There is a 750 kV link with Hungary. Rzeszów–Khmelnytskyi powerline connects Poland at 750 kV. Vetrino–Isaccea–Yuzhnoukrainsk powerline connects Romania at 750 kV. It has been suggested that the 220 kV link with Poland be improved and that interconnection with Slovakia be built sooner. There are five 110 kV interconnections with Moldova, but they could be better used.

The IEA says that capacity limits on links from neighbouring countries should be increased.

== Storage, transmission, distribution and resiliance ==
The IEA says that more decentralised generation and batteries should be installed for energy security. They recommend more off-grid and mini-grid. Both transmission and distribution have been attacked, and shelters have been built to protect substations from attack. Resilience includes restoring power quickly and limiting problems caused by outages: making grids smarter can help.

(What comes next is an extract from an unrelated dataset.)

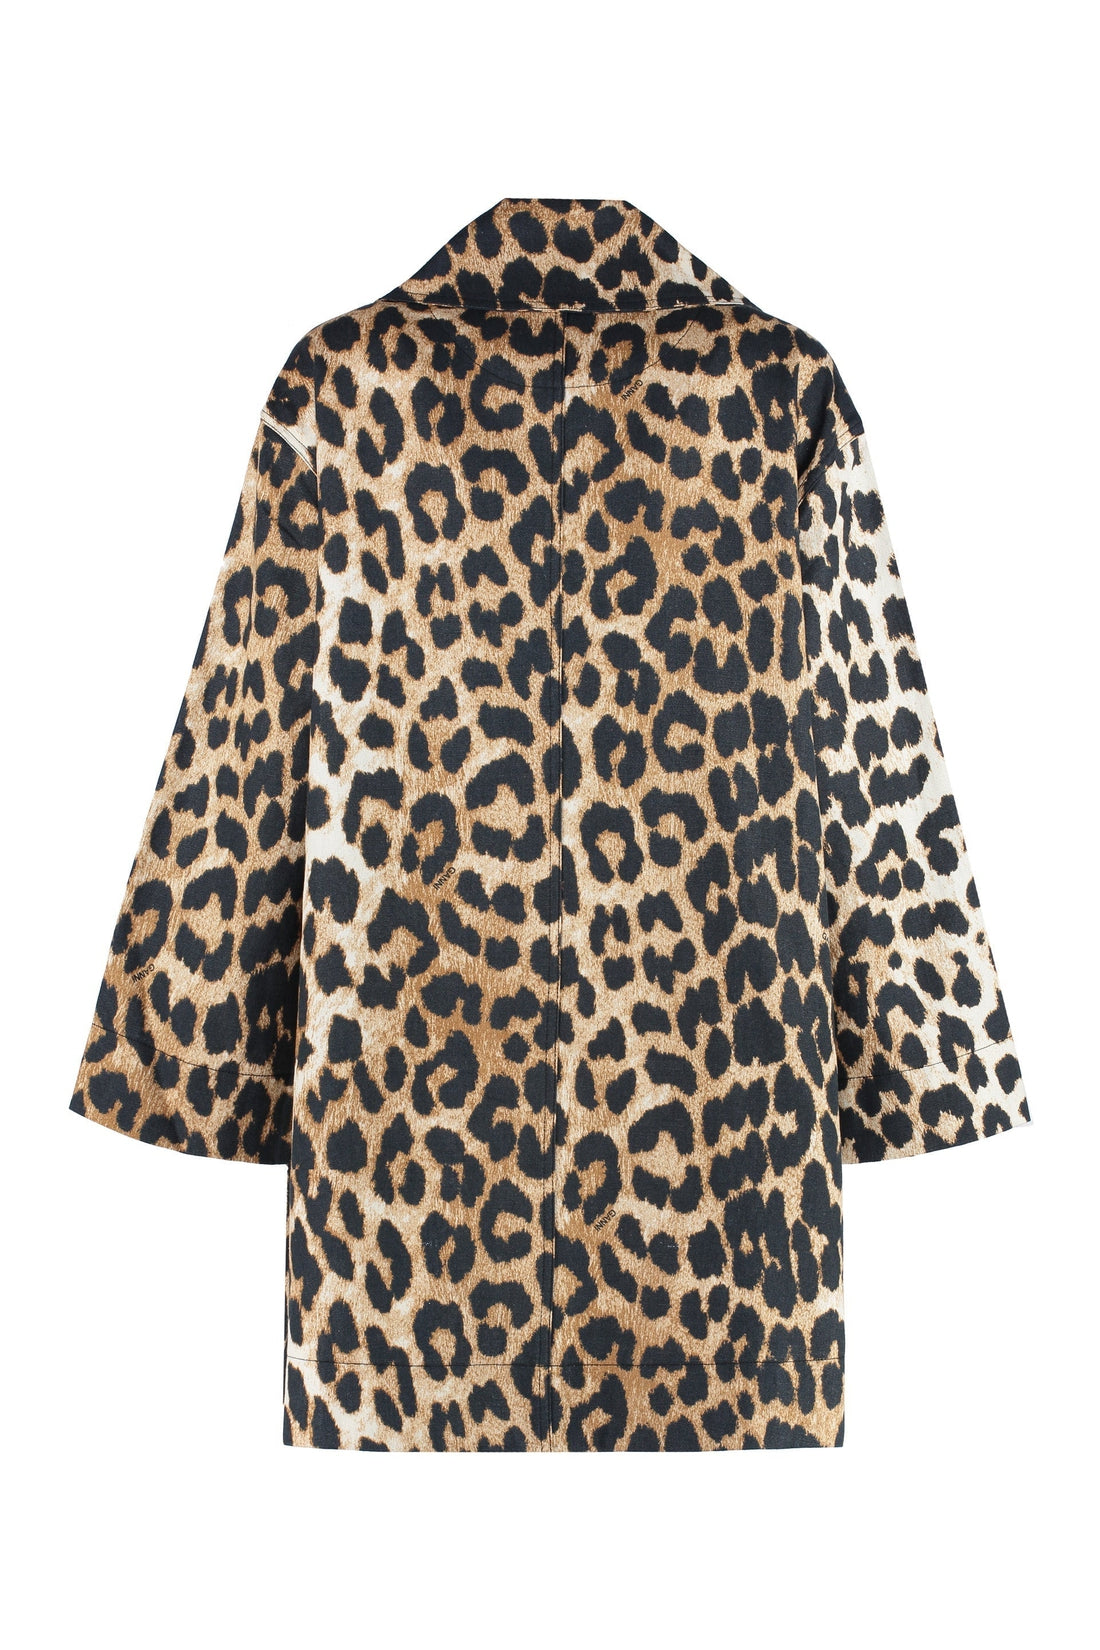 GANNI-OUTLET-SALE-Leopard print jacket-ARCHIVIST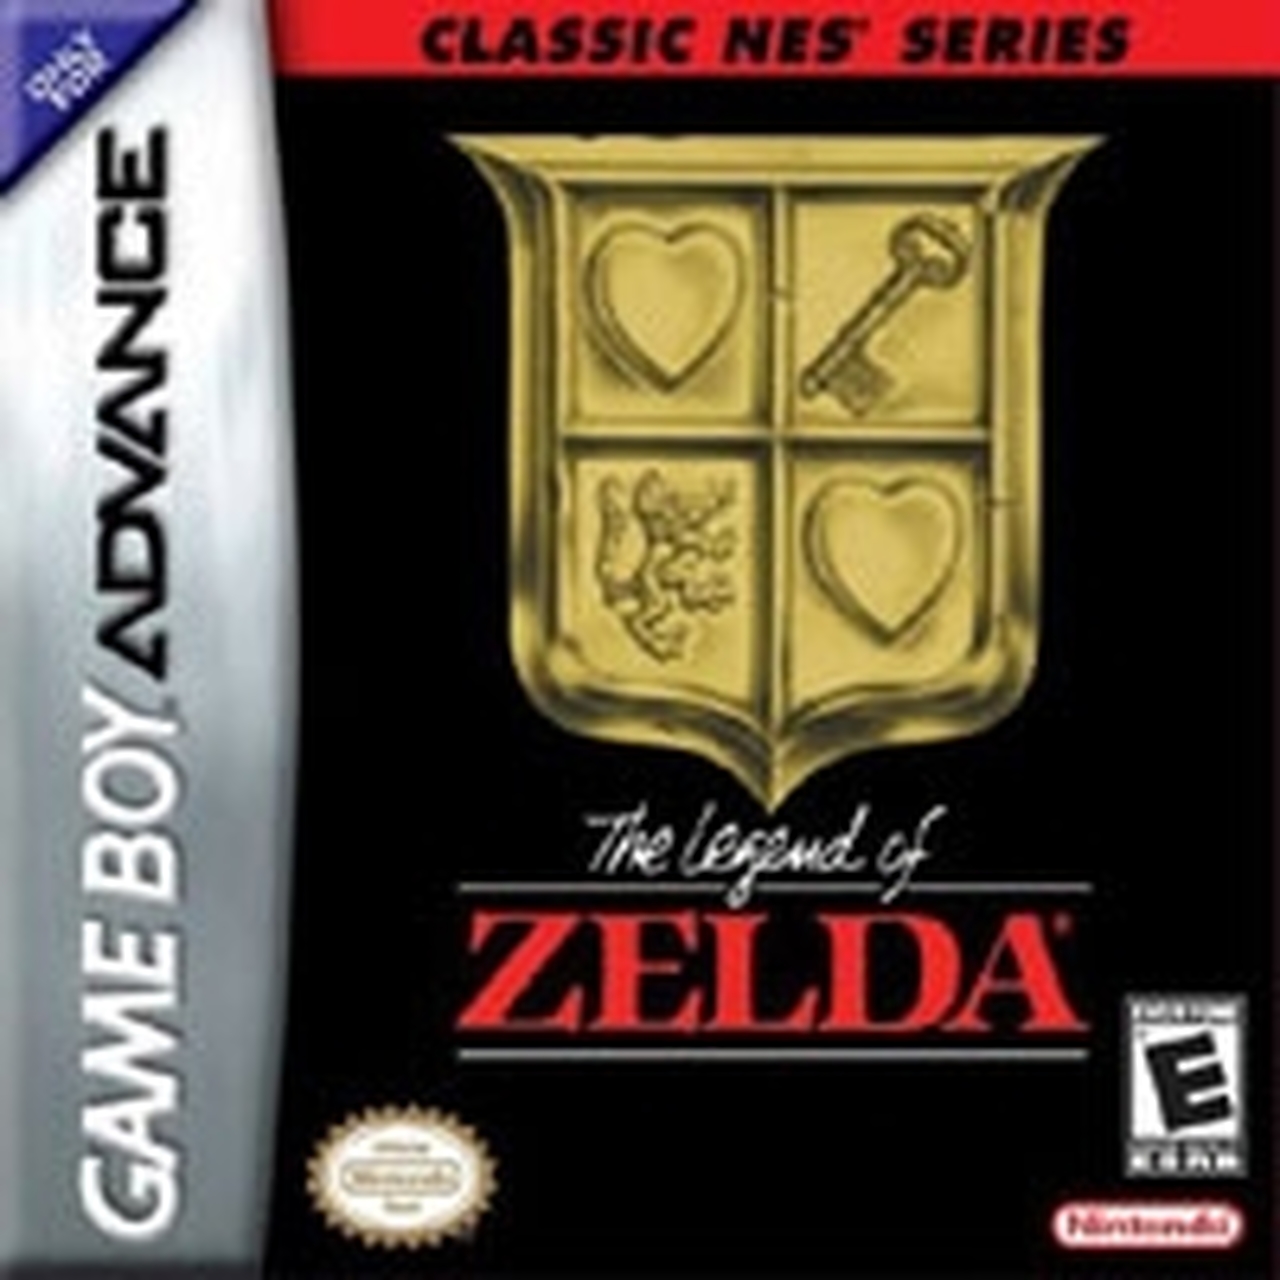 The Legend of Zelda (csak kazetta) - Game Boy Advance Játékok

Due to the large share of fixed-production nuclear, balancing the grid is particularly difficult during peak demand, which is in the morning and evening due to retail demand. Peak demand can reach 18 GW in winter, or 19 in cold winters.

DTEK is building more storage, to improve ancillary services such as frequency control. Grid batteries with 200 MW power and 400 MWh energy were operating in 2025. There is a reserve stockpile of transformers.

Local generation, such as rooftop solar, and batteries can continue to supply some critical facilities, such as hospitals, when grid connection is lost. Microgrids have been made.

== Power system reforms ==
The IEA has published a roadmap for Ukraine's increased use of distributed energy resources (DERs) towards 2030 which says:

"Scaling up DERs requires robust financial incentives, while maintaining affordability and equity as core priorities. This involves two key elements: First, market design must enable broader participation of small-scale and distributed resources, such as batteries and small gas turbines, in wholesale electricity and ancillary services markets. Second, consumer tariffs should be structured to incentivise efficient electricity consumption, the deployment of behind-the-meter DERs like rooftop solar and batteries, and the operation of these resources in ways that deliver system-wide benefits."

== Economics ==
In 2024 the price to householders was said to be about half the market price, and it has been suggested that to encourage energy saving and energy efficiency the subsidy should only apply to energy poor households and/or a certain minimum consumption.

DTEK has started installing smart meters. Central and city government is subsidizing rooftop solar installation. NEURC hopes to implement dynamic pricing so the price can be changed throughout the day.